Meet Christopher McQuarrie, wingman to Tom Cruise’s death-defying maverick

This article was published more than 6 months ago. Some information may no longer be current.

tom cruise bryan singer

Christopher McQuarrie attends the U.K. premiere of Mission: Impossible – Dead Reckoning Part One, on June 22, in London. John Phillips/Getty Images

If Tom Cruise is the Maverick of defying death, undertaking increasingly ludicrous and often sky-high stunts in his action-heavy blockbusters, then Christopher McQuarrie is his wingman.

The director might have got his start in the industry making small-scale thrillers (writing Bryan Singer’s Public Access and The Usual Suspects , directing The Way of the Gun ), but ever since 2008, McQuarrie has been all-in on the Cruise canon. After working together on Singer’s 2008 Second World War thriller Valkyrie – Cruise starring, McQuarrie writing – the pair have almost exclusively worked with one another. McQuarrie has now written eight Cruise projects and directed four of them, including the latest instalment of the Mission: Impossible series, Dead Reckoning Part One .

Yes, we ranked all 44 Tom Cruise movies

The Tao of Tom Cruise, our last action hero

The film features easily the most ambitious stunt of either men’s careers: a motorcycle ride off a cliff that turns into a BASE jump that turns into ... something not to be spoiled. Shot without green screens or stunt doubles, the adrenaline-fuelled moment represents the high point of Cruise’s go-big-or-go-home relationship with the man he calls McQ.

Ahead of Dead Reckoning ’s release July 12, Cruise’s partner in crime spoke with The Globe and Mail about his own many impossible cinematic missions.

You’ve talked about how from the moment Dead Reckoning began filming in 2020, you knew there would be a moment when Tom Cruise drives a motorbike off a cliff. But you weren’t yet sure “why.” Is that typical of the set-pieces constructed for your Mission: Impossible movies – that set-piece concept comes before the narrative structure?

Sometimes. Not always. I tend to view plot and story as two entirely separate things. Plot is merely the reason or reasons why things need to happen. Story is what happens when character and plot collide. Reasons and motivations tend to be quite fungible and can change as we make discoveries about the characters. Reasons of plot tend to be very general (I have to get to X before Y happens, for example). Reasons of character tend to be very specific (I care deeply about this person, yet I cannot tell them the truth). You end up with a movie where the characters are discovering the story much in the way the audience is. That’s a massive oversimplification, but that’s the gist of it.
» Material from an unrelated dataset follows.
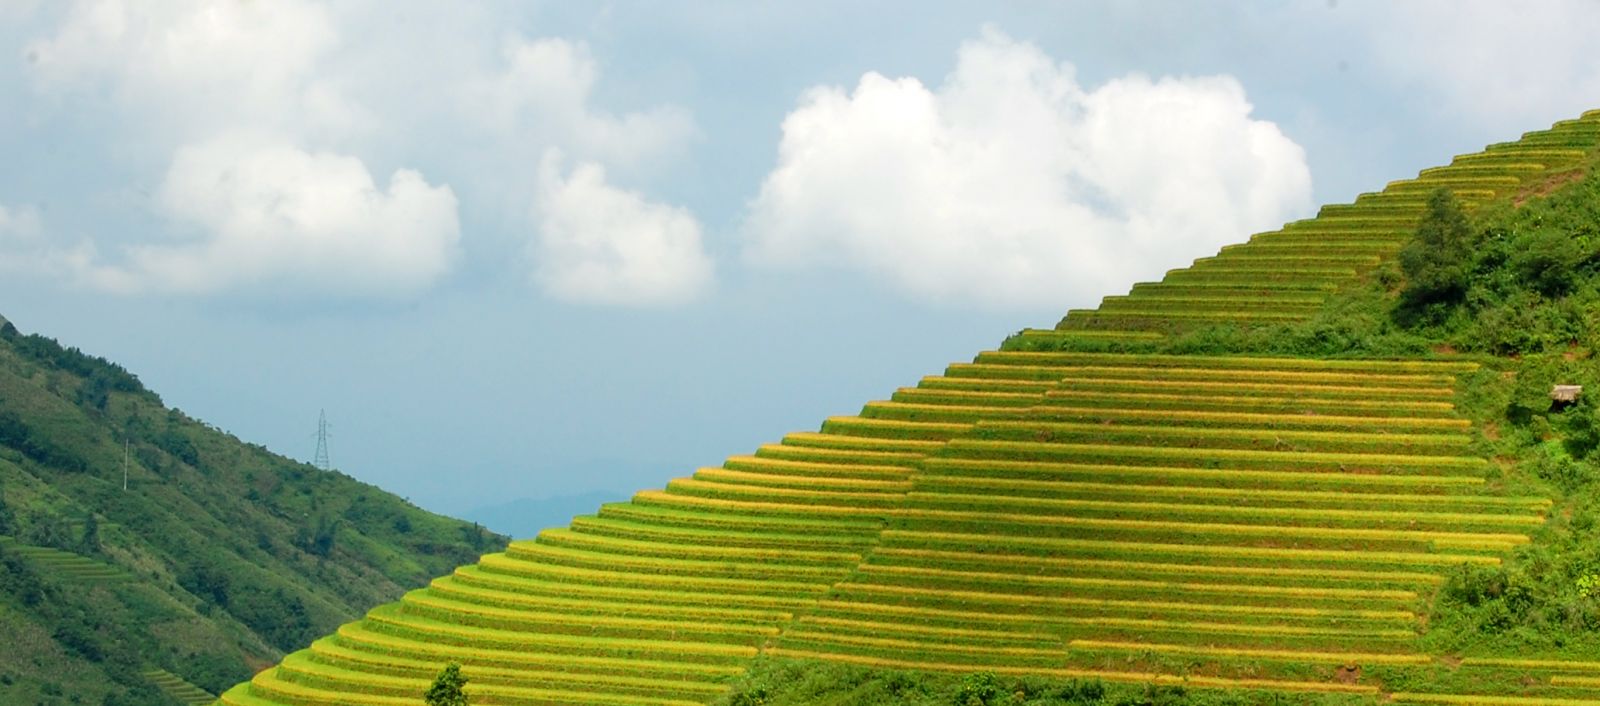 Ruộng bậc thang Sa Pa ( Lào Cai ) được tạp chí du lịch Mỹ Travel and Leisure bình chọn nằm trong Top 7 ruộng bậc thang đẹp, kỳ vỹ nhất châu Á và thế giới.p/Ảnh: Phạm Ngọc Triển

Dead Reckoning has had one of the most complicated production periods in contemporary Hollywood history thanks to the pandemic. How do you manage the vision of the final film that you might be holding in your head as you’re encountering one challenge and delay after another?

Very simple. There is no vision of a final film. I find the entire notion to be limiting. The pursuit of a specific vision, in my experience, cuts me off from genuine discovery. Dead Reckoning Part One represents a complete surrender to the process of discovery. Given the conditions, there was no other way. Every shot, every angle, was one dictated by time, place, varying constraints and the needs of the ever-evolving narrative.

Has there been a moment working with Cruise that crystallized the idea that, yes, this is the man who I want to dedicate years of my career to?

I met Tom out of sheer curiosity at a time in my career when I was ready to quit the film business. We just talked about our mutual love of movies. Our first film together, Valkyrie , evolved naturally out of that conversation. I fully expected to hand the script over and walk away. When I was asked to stay on as a producer – something I had never done before – I fully expected to be promptly fired. I assumed every day was my last. I never took my position for granted. Sixteen years later, I still function that way.

Has Tom ever had an idea that was just too complex, something that you had to tell him, “no”?

We always come up with things that are too complex to execute. We usually discover this after we’ve committed. Rather than back out, we push on. In Africa, while shooting a sequence for Dead Reckoning Part Two , he came up with an idea that I told him could not be done, simply because no camera rig existed that could capture it. By that afternoon, our team had built it.

How important do you believe the box-office success of Dead Reckoning is to the future of the theatrical industry as a whole?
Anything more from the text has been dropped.